Tutte esperienze che, dall’iniziale tirocinio (periodo di stage formativo senza in genere limiti di età), hanno concrete possibilità di diventare forme di apprendistato contrattualizzato. (Un vero rapporto di lavoro che prevede un periodo di formazione rivolto a giovani tra i 18 e i 29 anni).
Tra i giovani rifugiati, in cui prevale il sogno di diventare calciatore (anche qui c è una squadra che partecipa al torneo Balon Mundial), l’attività lavorativa più ambita è quella di chef , seguita da quelle d’imbianchino, pizzaiolo, idraulico , elettricista, piastrellista, manovale, giardiniere e operaio.
“I buoni risultati sono frutto di un approccio che tiene conto in modo quanto mai pragmatico delle esigenze delle aziende che chiedono al primo posto affidabilità e conoscenza della lingua italiana” precisa Vitaloni, che aggiunge:
“Come associazione, insieme agli imprenditori coinvolti, seguiamo i ragazzi nelle prime fasi di lavoro per aiutare il loro buon inserimento fino alla loro assunzione e non a caso, oltre alla lingua, è importante l’insegnamento di principi di educazione civica in quanto si tratta di persone che arrivano da situazioni di povertà educativa e occorre prendere atto delle loro difficoltà a diventare persone adulte in questa realtà”.
La responsabile di Geos Onlus ha denunciato come il clima sociale italiano prevalso in questi anni abbia negativamente influenzato quelle figure professionali fondamentali per questi percorsi di accoglienza e orientamento lavorativo: “Far convivere dieci nazionalità diverse è già un risultato, per questo lavoriamo in sinergia con il Comune e le istituzioni per creare una rete, ma purtroppo mancano figure chiavecome insegnanti, educatori, psicologi, mediatori culturali, operatori sanitari che si impegnino in queste realtà solidali verso i migranti.
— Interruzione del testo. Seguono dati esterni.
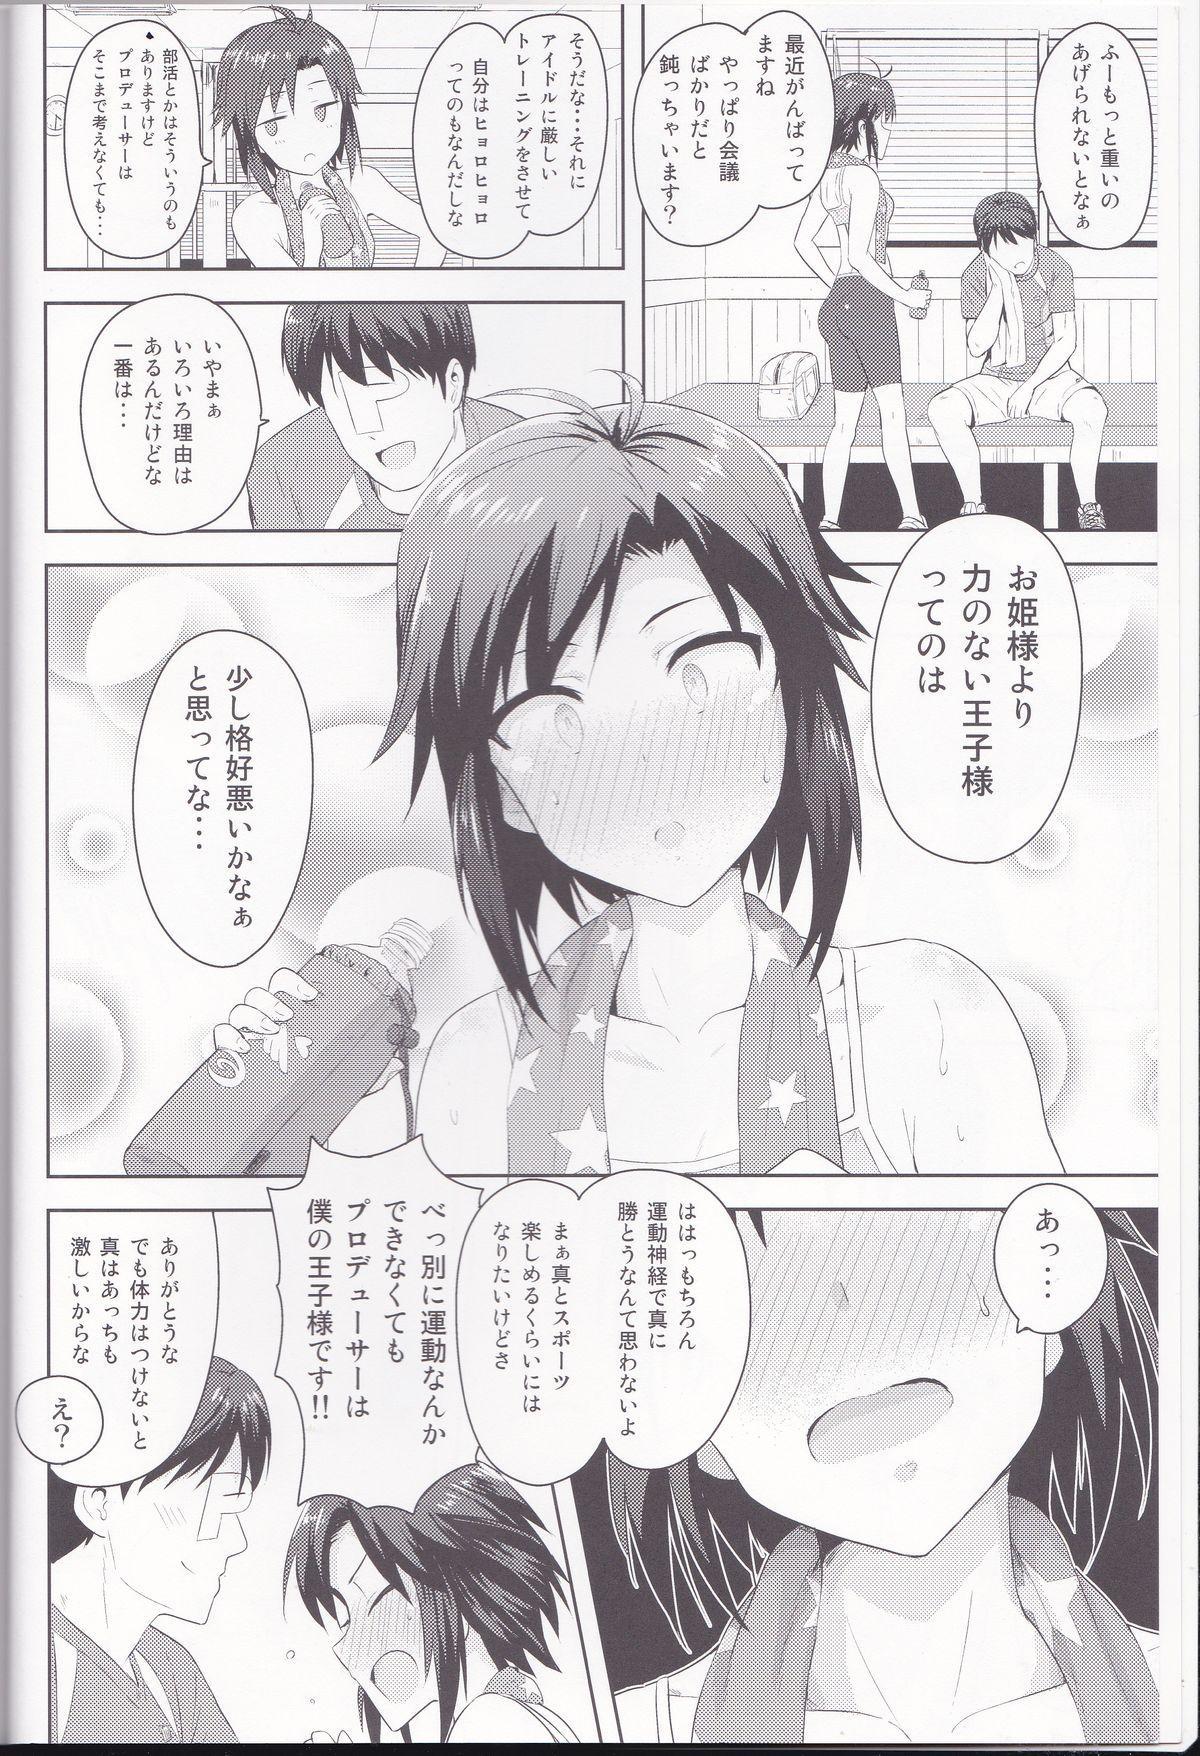 Makoto to Training! 2 2

Un lavoro gratificante, cui purtroppo in Italia non viene dato il giusto valore. Ruoli che, in paesi come la Francia, guadagnano anche tre volte quanto qui viene riconosciuto spesso con difficoltà”.
“Questi ragazzi saranno degli ottimi cittadini di domani se gli educatori faranno bene il loro lavoro. Ma occorre valorizzarli, visto il lavoro ad alta intensità che svolgono” ha concluso Vittoria Vitaloni, orgogliosa di essere riuscita ad applicare sistemi di efficienza manageriale in un contesto di solidarietà che deve avere concretezza e pragmatismo per funzionare.